Tips for a Student to Eat Healthy When Ordering Food
Most college students tend to be busy with projects, assignments, and classes. And this makes it harder for them to find time to prepare meals. Thanks to rapid technological advancement, ordering food delivery has become a common habit for most people around the world. Apart from lack of time, students usually have cravings for street food or restaurant food that can be delivered to their doorstep at the blink of an eye.
You should prioritize healthy eating if you want to get good grades and achieve your goals easily. Most of the foods that appear on the menu may not always be the best options for you since they can be high in salt, sugar, and fat. It is also easy to consume fast foods when you run out of ideas. To improve your diet, you do not have to eat home-cooked meals only. Here are eight awesome tips for students to eat healthy when ordering food through home delivery.

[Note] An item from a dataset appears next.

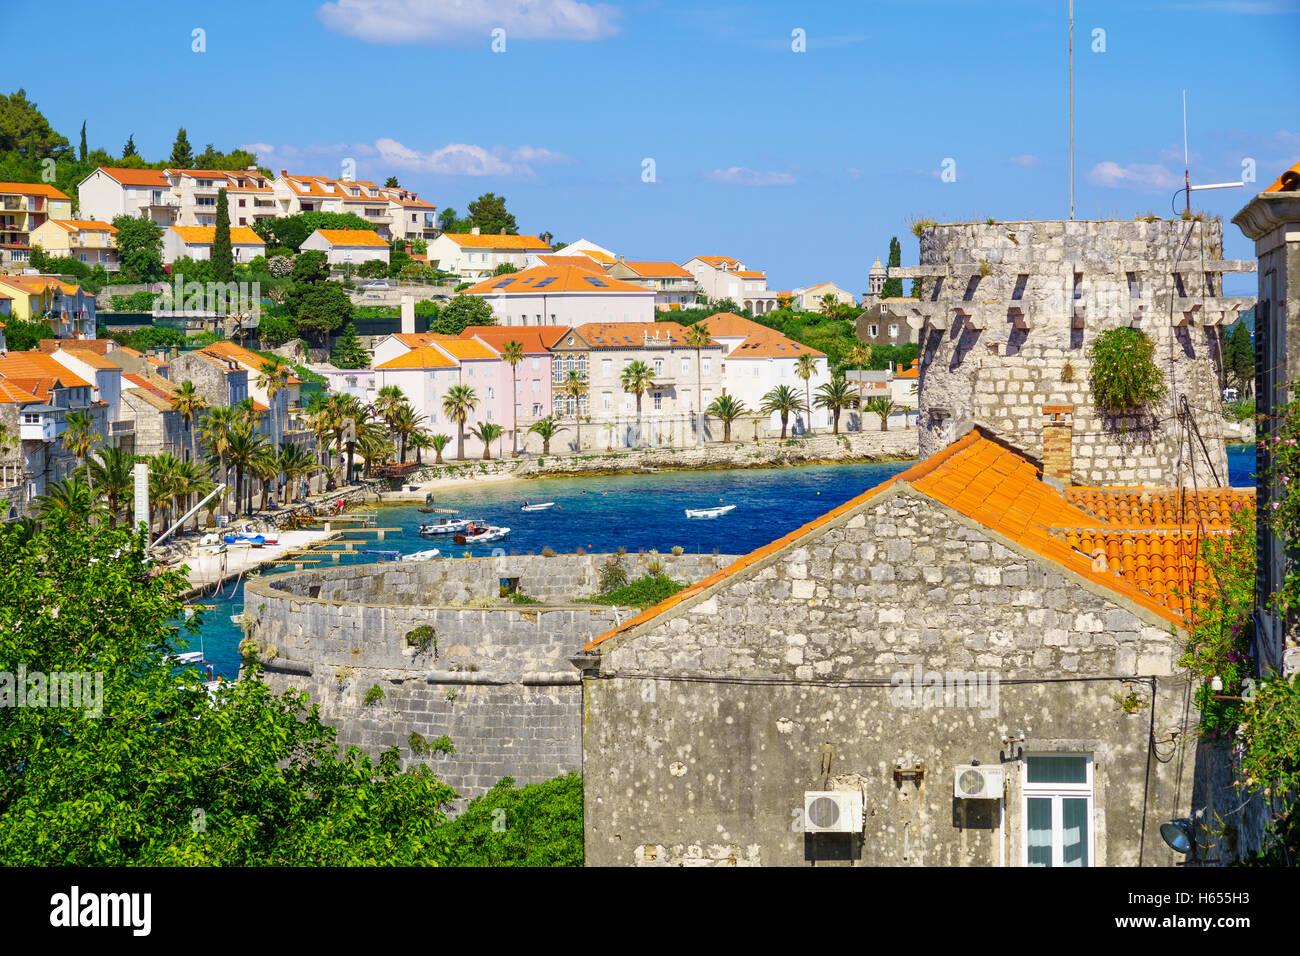 KORCULA, Kroatien - 26. Juni 2015: Szene der Altstadt, mit dem Gouverneur Türmchen, die Bucht, Boote, einheimische Stockbild
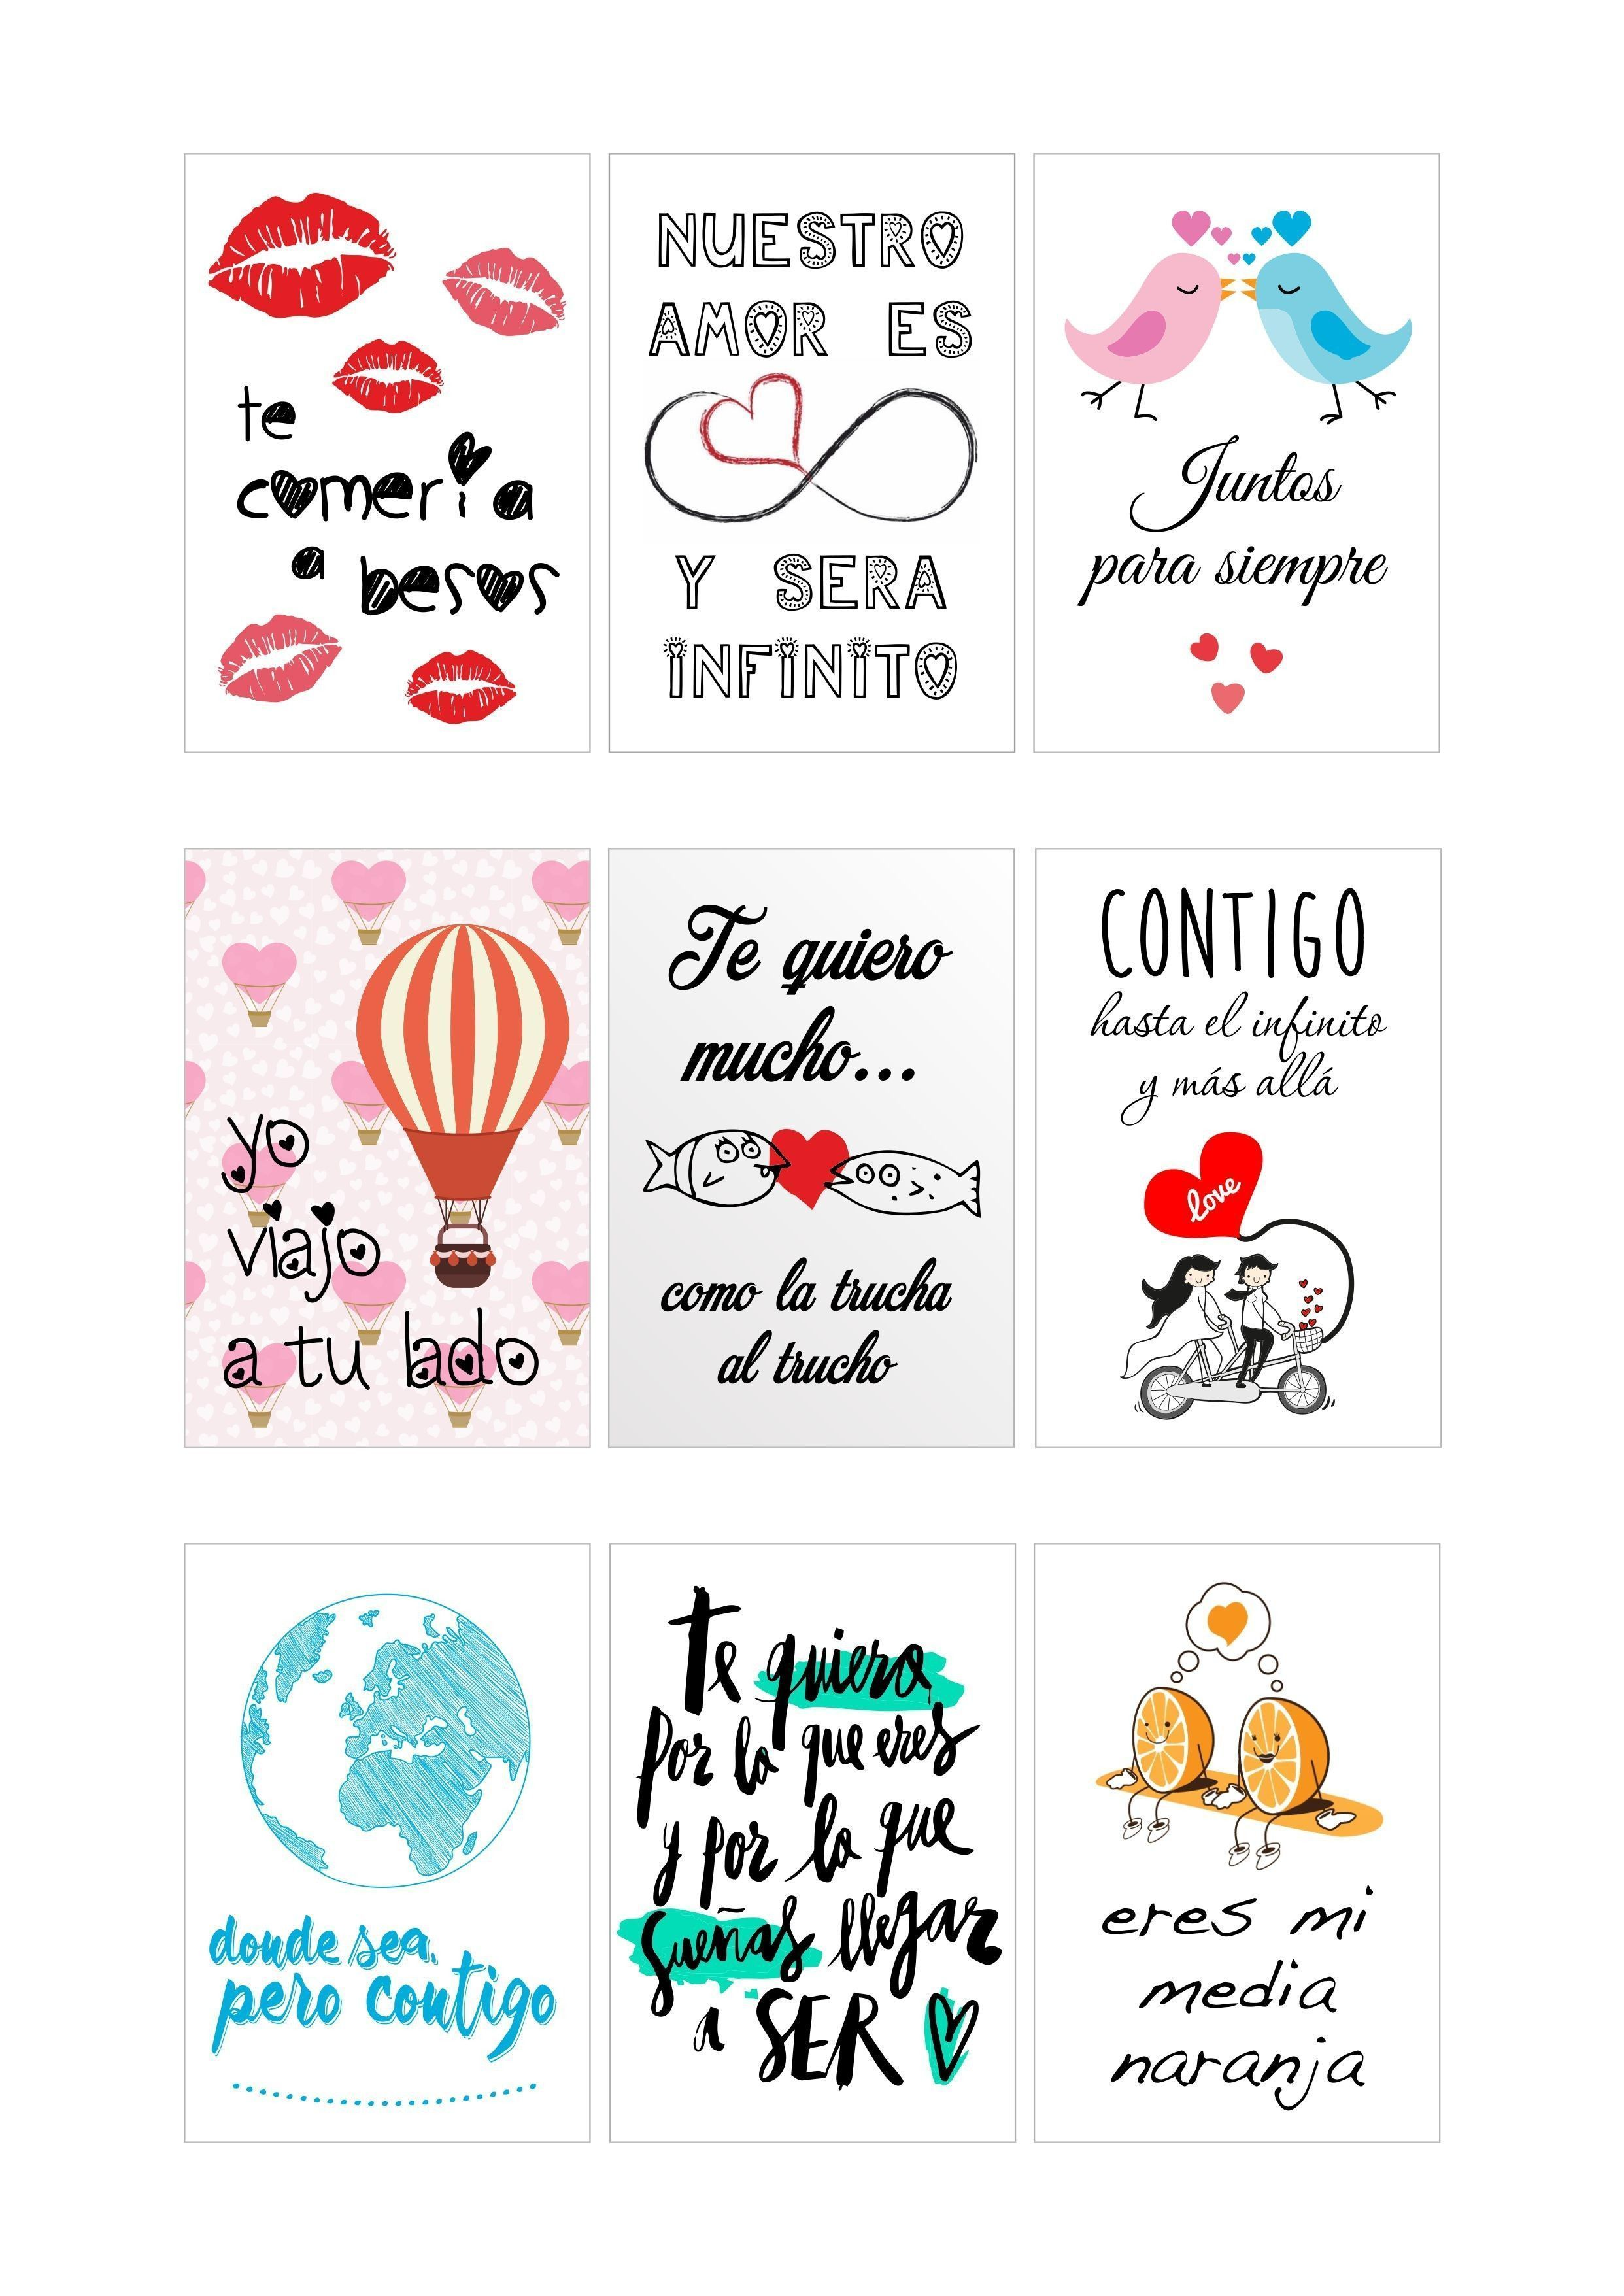 De Cupcakes Galletas Valentín Papel Frases San Azucar Amor roWQdCBxe

1. Do not order when you are tired, stressed, or starving
Do not head out to buy food or reach for your phone to order when your stomach starts growling. When you are hungry, you are more likely to order more desserts or side-dishes than you need. Ordering food when you are stressed or tired can also lead to choosing foods that will make you feel happy instead of healthy options. Planning your meals before ordering will reduce the chances of consuming unhealthy foods.
2. Look at the portions
When your food arrives, you are likely to eat straight from the container. And this makes it difficult to know how big the portion is. Since you do not want to consume more than you require, you should consider transferring your food to a bowl or plate before eating to gauge the appropriate size. You can share the remainder with your loved ones or save it for a future time.
3. Always go for steamed and grilled options
While it is satisfying to have crisp fried chicken, you do not have to eat it every single time you order. You should avoid oily fried food as much as you can by going for steamed or grilled options. When you do this, your skin and body will thank you. Your efforts will pay back in spades.
4. Choose your pizza
According to assignment help, pizzas are quite popular in food deliveries and takeaway spots. However, it is no secret that they are carb-heavy and high in calories. You can minimize your carb intake by going for thin-crust pizzas instead of thick ones.
Meat pizzas also contain high saturated fats and sodium due to the use of ham, salami, and bacon. You should go for chicken, vegetarian or seafood. Also, go for tomato-based sauces and sprinkle less cheese. You can make your meal healthier by substituting cheesy garlic bread and greasy wedges with greens.
5. Japanese food is magical
Japanese food not only tastes good but it is also a healthy option for students who love takeaway food. Go for bento sets that are nutritionally balanced with a mix of proteins, carbs, and good fats. You can also go for salmon sushi, tuna, or sashimi which are all rich in Omega 3 fatty acids. You should avoid Japanese deep-fried food like tonkatsu, chicken karaage, and pan-fried dumplings since they are high in salt content and loaded with calories.
6. Vietnamese food is a great alternative
While Japanese food is amazing, you can also consume Vietnamese food which is not only flavourful but also healthy. A plate of pho is not only tasty but also well-balanced due to the accompaniment of fresh herbs, vegetables, and spices like coriander and basil. Fresh rice paper rolls are also a perfect addition to your meal. They are usually filled with prawns, vegetables, meat, and rice noodles. They are also packed in different flavours thus making them healthier.
7. Avoid junk food combinations
There will be days when you will crave for fast food. When this happens, you should avoid consuming junk food combinations. Although it may seem exciting to consume burgers, fries, and soft drinks, you will end up consuming more calories. You need to stick to one thing to avoid going overboard.
8. Go for healthy salads
While salad seems like healthy food that you can order, adding the wrong ingredients will result in unwanted sugars, fats, and more calories. To create and consume healthy salads, you need to choose a dressing like a vinaigrette, olive oil, or balsamic. You need to avoid dressings with saturated fats. Plus, your salad should be well-balanced with proteins, carbs, and vegetables. You should avoid unhealthy toppings like croutons or consume them in moderation.